Marathon Training: Workouts Week 8

Week eight of Philly Marathon training was pretty uneventful, which is just the way I like it. Being as I have a full twenty weeks to prep for this race, the long run build up is very gradual. In fact it’s a bit boring.

Screen Shot 2016-08-29 at 5.50.58 PM

Consistency over time with gradual increases in both mileage and intensity is the key to long term running success. My weekly mileage has always been on the lower end and will continue to be during this training cycle. I’ve been running for a pretty long time and rather than run myself into the ground by running a ton of mileage in order to reach a goal, I try to run just enough mileage. This might mean sacrificing a goal or not fully living up to my potential, but if it means I can run for another thirty years, it’s worth it to me.

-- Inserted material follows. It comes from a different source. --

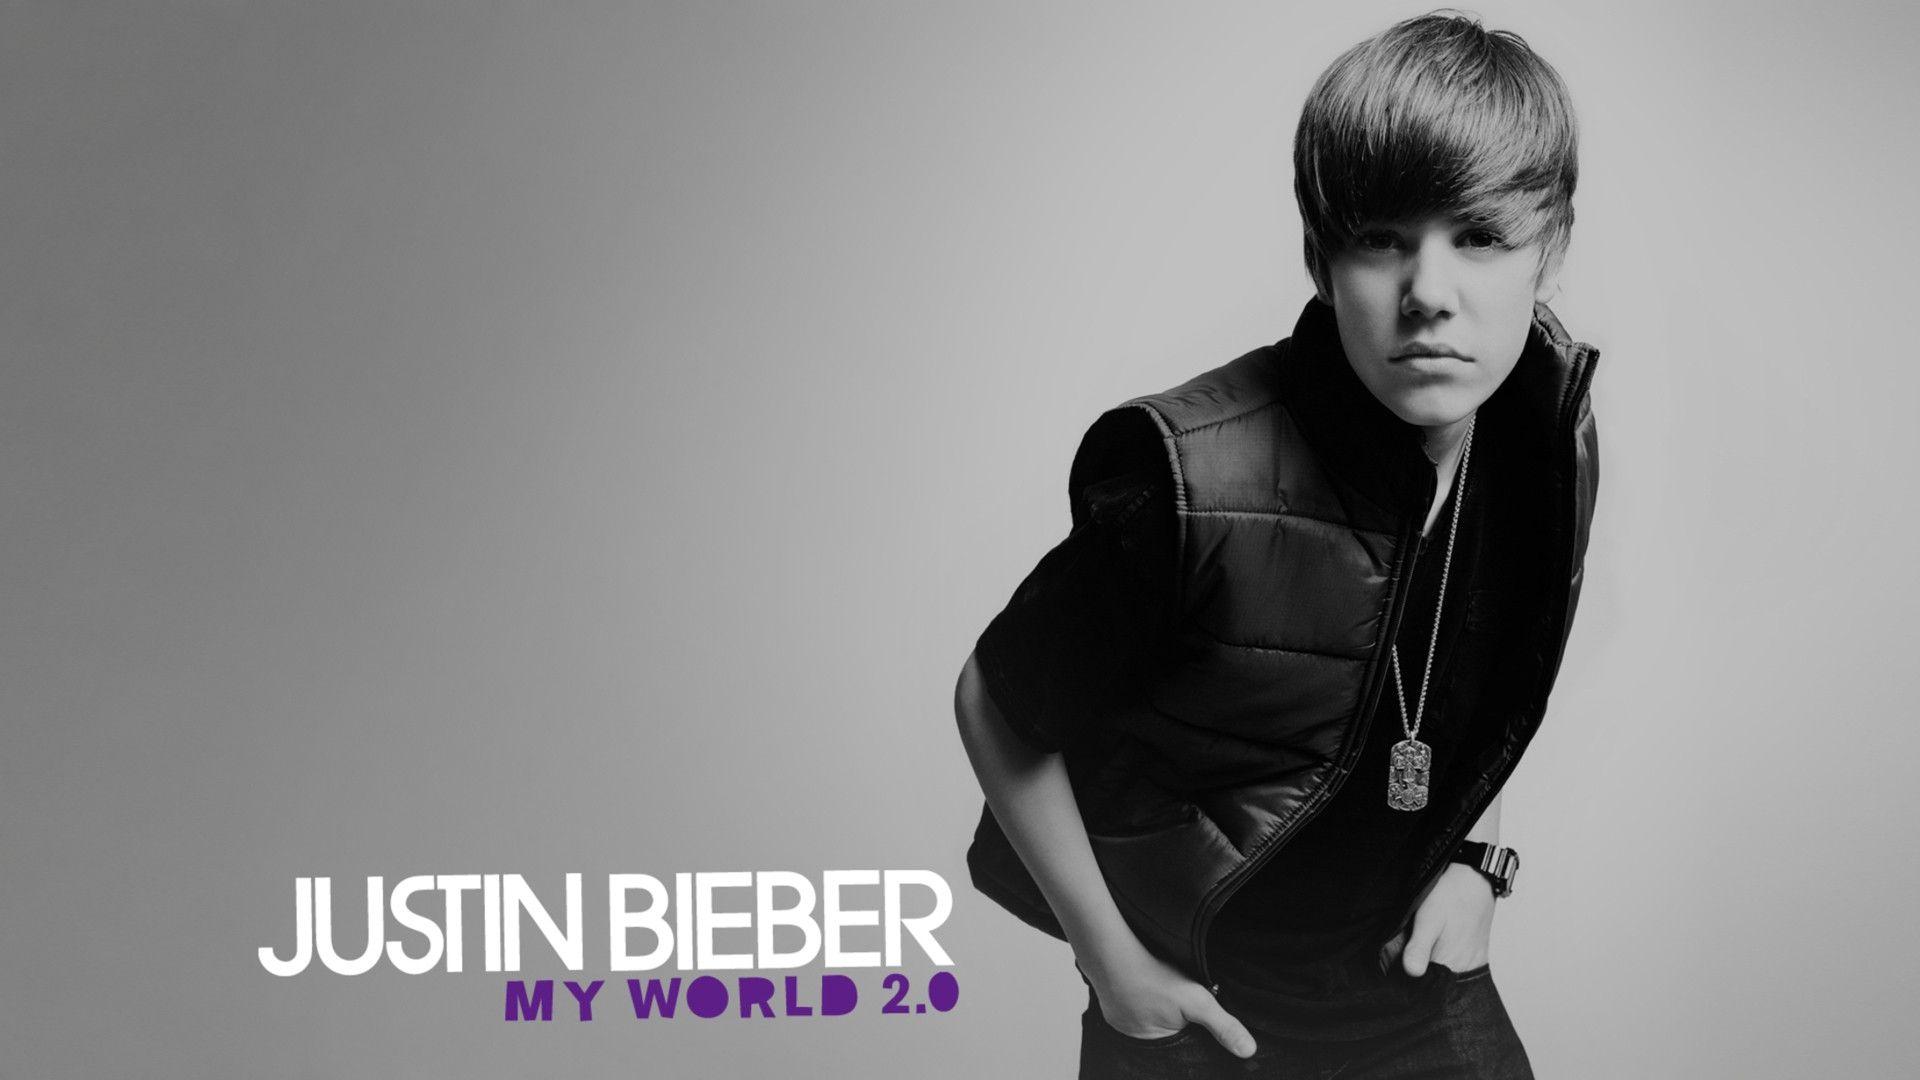 Justin Bieber Wallpaper Download Sf Wallpaper

Here’s what last week looked like:

Monday: Soul Cycle + Strength

Instead of adding in an additional day of running, I added in one day of spin. This will allow me to get in a easy steady-state cardiovascular workout without running. The goal is to improve my overall fitness by doing 45-60 minutes at a low heart rate.

I intentionally skipped barre class this week in favor of doing a strength workout at home. I did these glute exercises as part of the workout and this core workout.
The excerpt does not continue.